Each side filed cross motions for summary judgment.
TBIC reads these exclusions to preclude insurance coverage where, as here, a participant suffered personal injury during a bike-a-thon.
The Chamber, on the other hand, contends that “sport” or “athletic event” modifies “competition or contest.” That is, the Chamber urges that the activity must be “actively competitive” to fit within the exclusion.
Whether or not an “athletic event” requires some modicum of exertion, one “not unreasonable” reading of the underlying complaint is that the bike rally was nothing more than a mobile tour of homes that did not require any particular skill or cycling ability. That is, the bike-a-thon was not meant to be athletic at all. Shumaker describes an event that “encouraged participants to bring the family out for a scenic ride and tour of historic homes as well as newer neighborhood[s].” The organizers allegedly indicated that the bika-a-thon “is not a race. We will not be keeping track of ‘Who finished first’ nor will we be Awarding pri[z]es.” Although Shumaker explains that advertising and promotion “offered participants a closed course, 65 mile bikethon,” he does not contend that the riders were required or even encouraged to complete all 65 miles of the course. Indeed, the negligence that Shumaker alleges is that the Chamber changed the route of the bike-a-thon on the eve of the event into one that “included a significant peril” – suggesting that the event was not intended to require any skill or result in peril to the participants.

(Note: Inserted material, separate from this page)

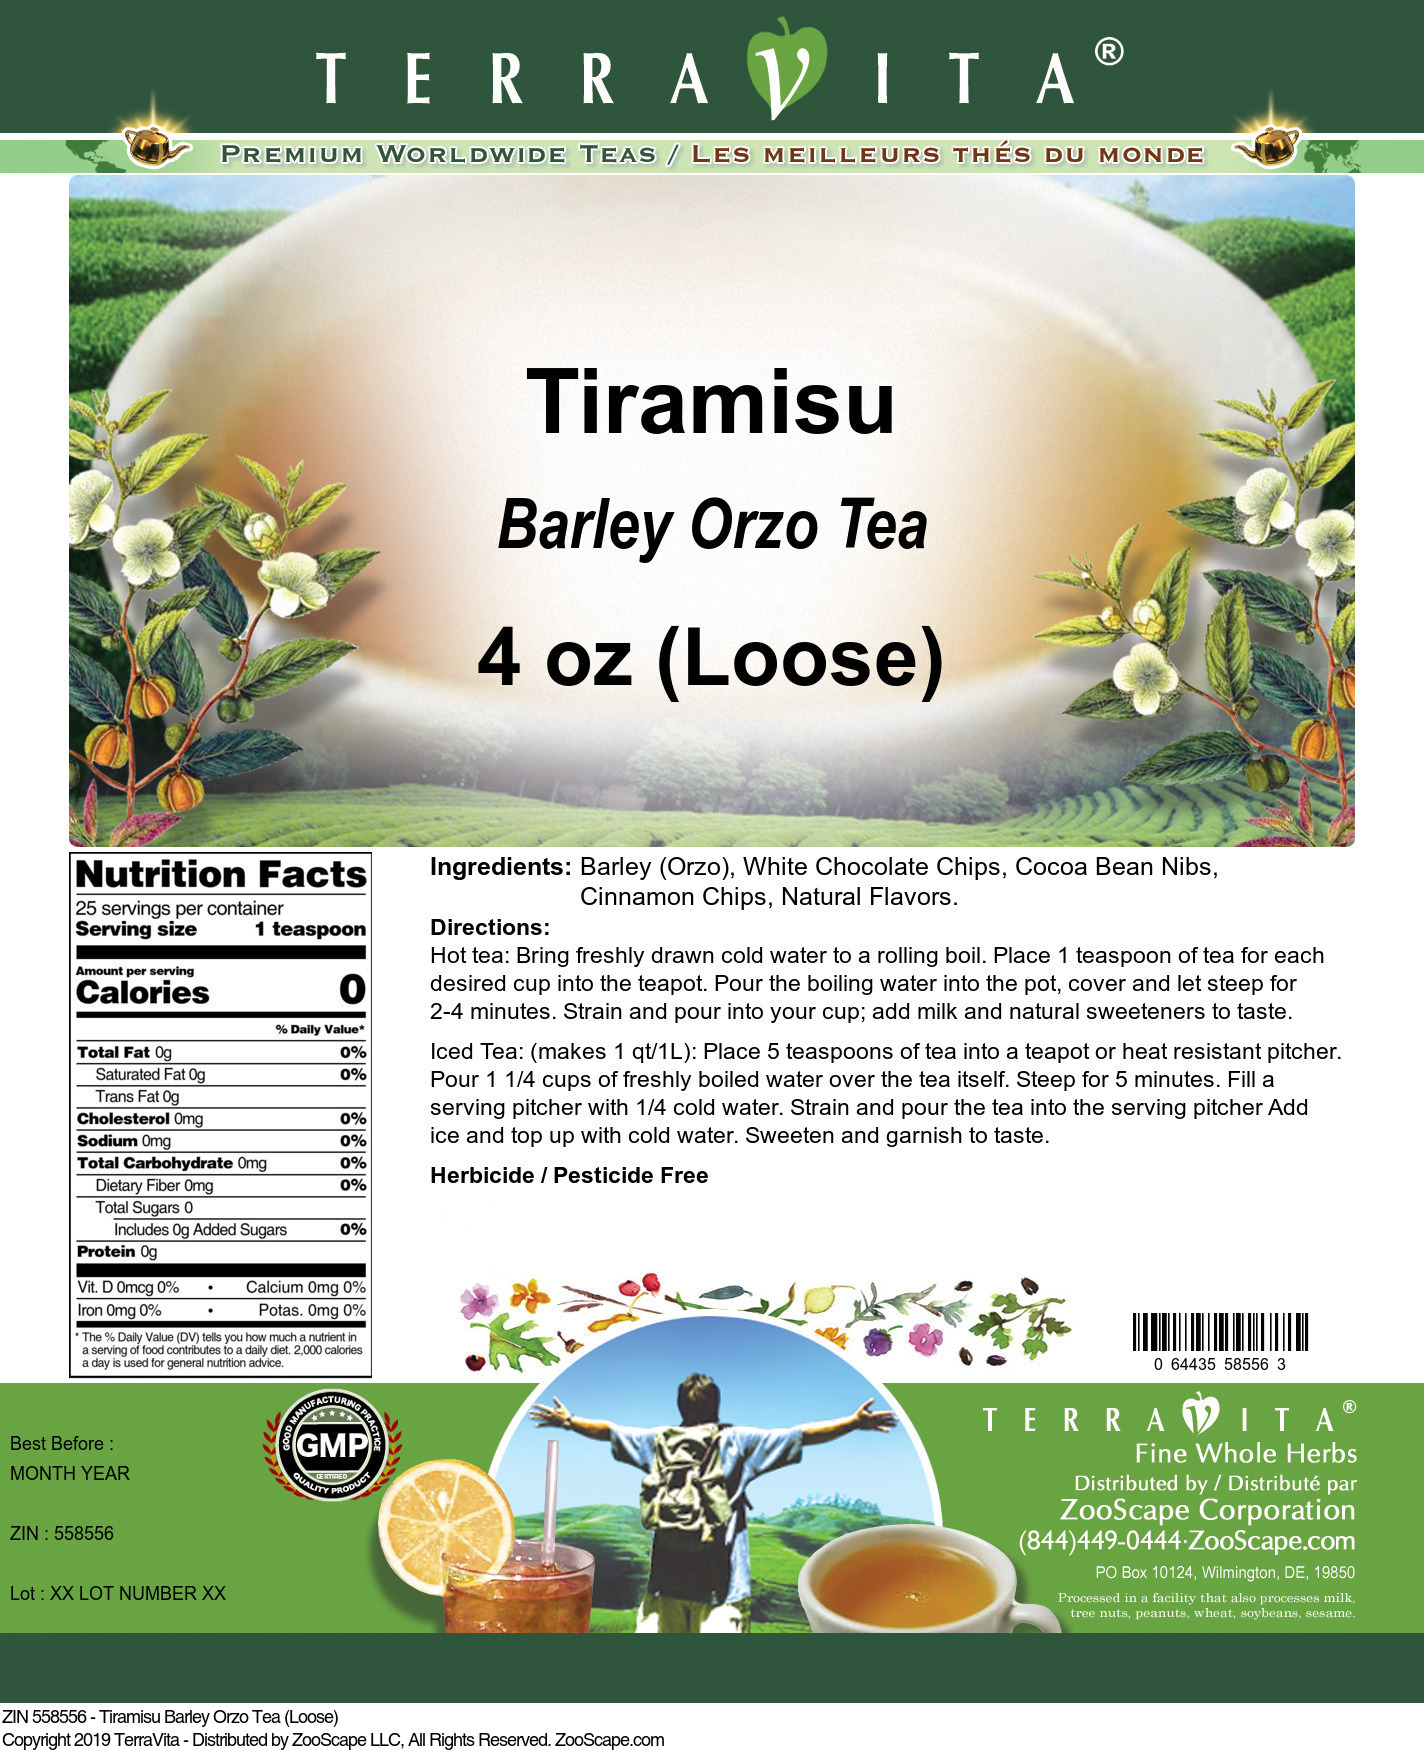 Tiramisu Barley Orzo Tea (Loose) - Label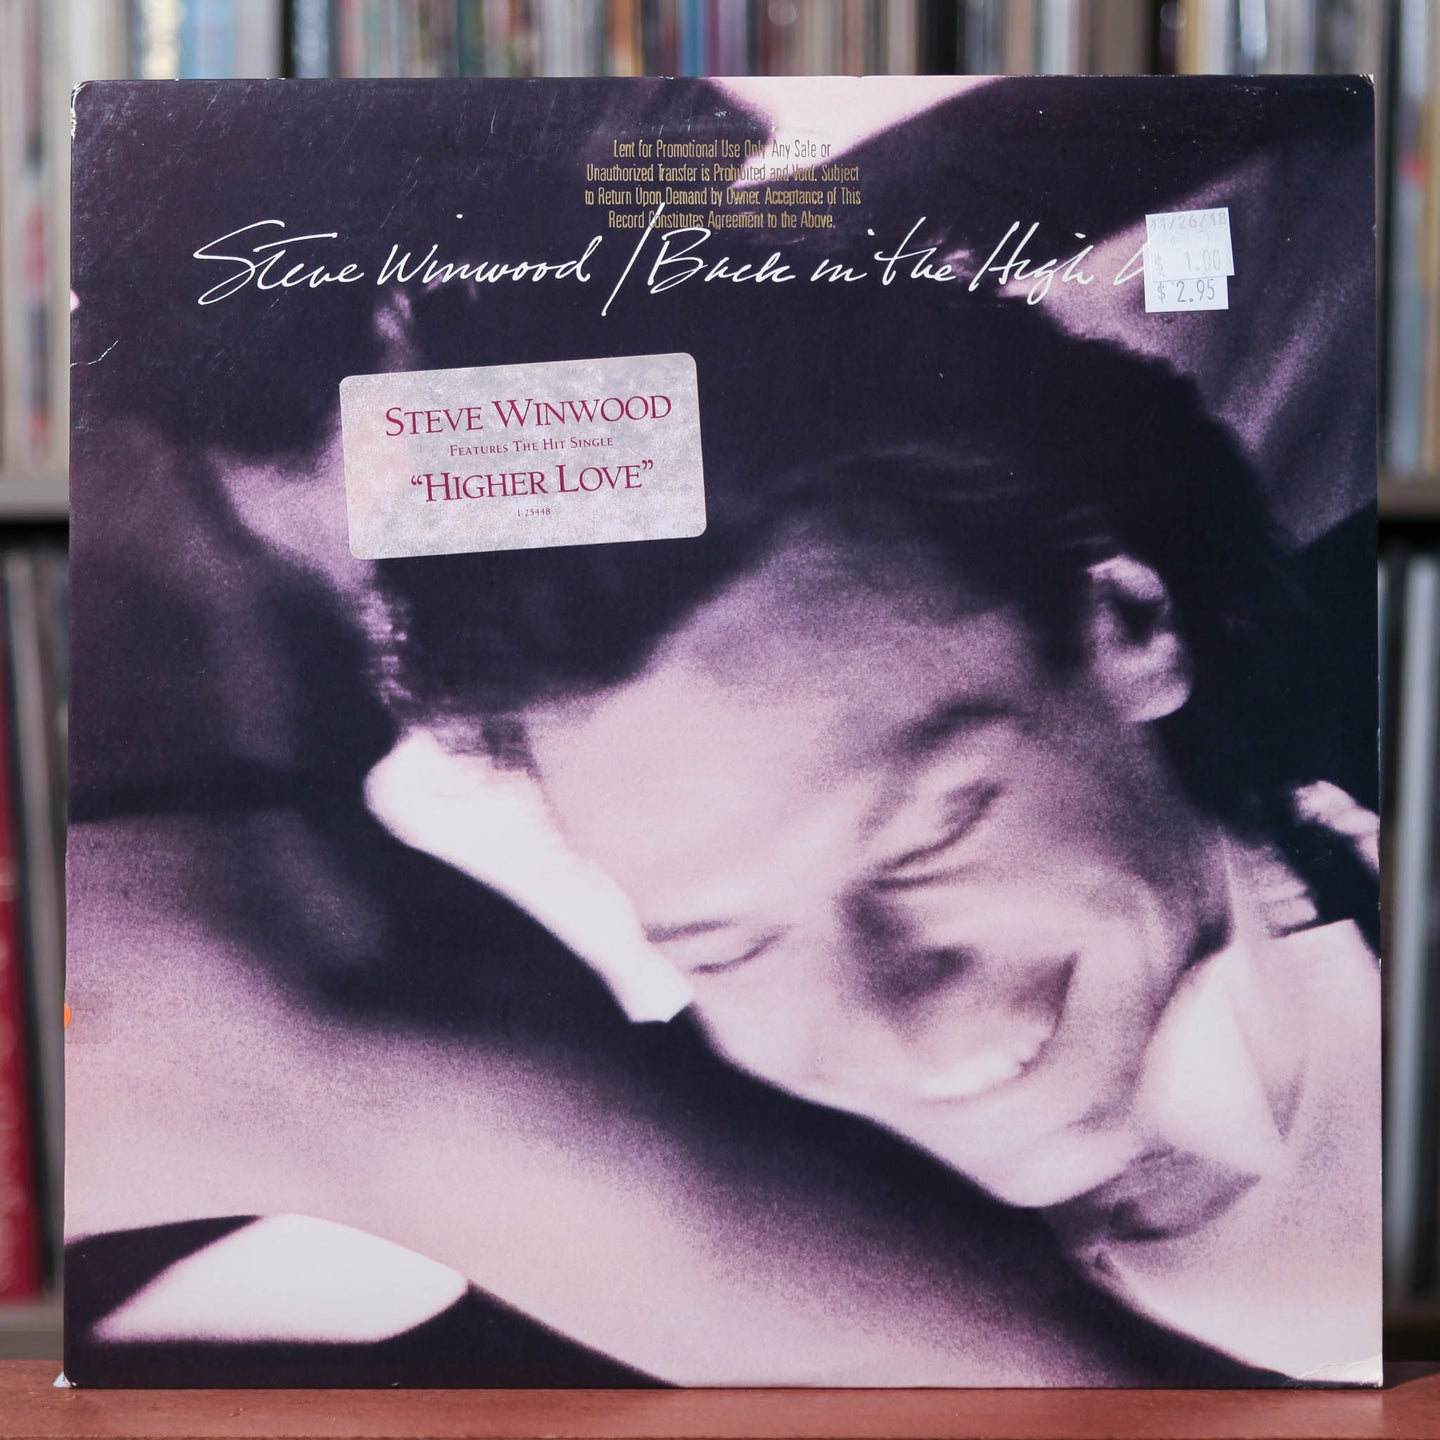 Steve Winwood - Back In The High Life - Rare PROMO - 1986 Island, EX/VG+

A plain reading of Shumaker’s complaint certainly makes plausible – or at least not unreasonable – the Chamber’s argument that the Sports and Athletic Participants exclusion does not excuse TBIC from the duty to defend the state lawsuit because the bike-a-thon was not a “sports or athletic contest or exhibition.” This is so regardless of whether its scope of exclusion is more or less specific than that of the Described Hazards endorsement, and so TBIC’s objection that one of the Chamber’s arguments improperly eliminates the Described Hazards exclusion is of no matter. Again, the nature of the event described in the underlying state action is one of a leisurely “tour of historic homes” that would be untimed and would not award prizes for faster finishers. And Shumaker’s complaint certainly does not allege that the tour participants were themselves part of a “sports or athletic exhibition” – despite TBIC’s belief that they were on view for the public when they rode by.
It is, therefore, at least “not unreasonable” to believe the Chamber’s argument that the bike tour described by Shumaker was neither a contest or exhibition that was excluded by the Athletic or Sports Participants provision.
In sum, the court found that the Chamber had stated a “not unreasonable” case that the insurance policy, read as a whole, imposes upon TBIC a duty to defend in Shumaker’s state litigation that is not excused by the exclusions cited by TBIC. TBIC has not shown that coverage for all claims is barred by the plain language of a policy exclusion.
Accordingly, the Chamber’s Motion for Partial Summary Judgment should be granted.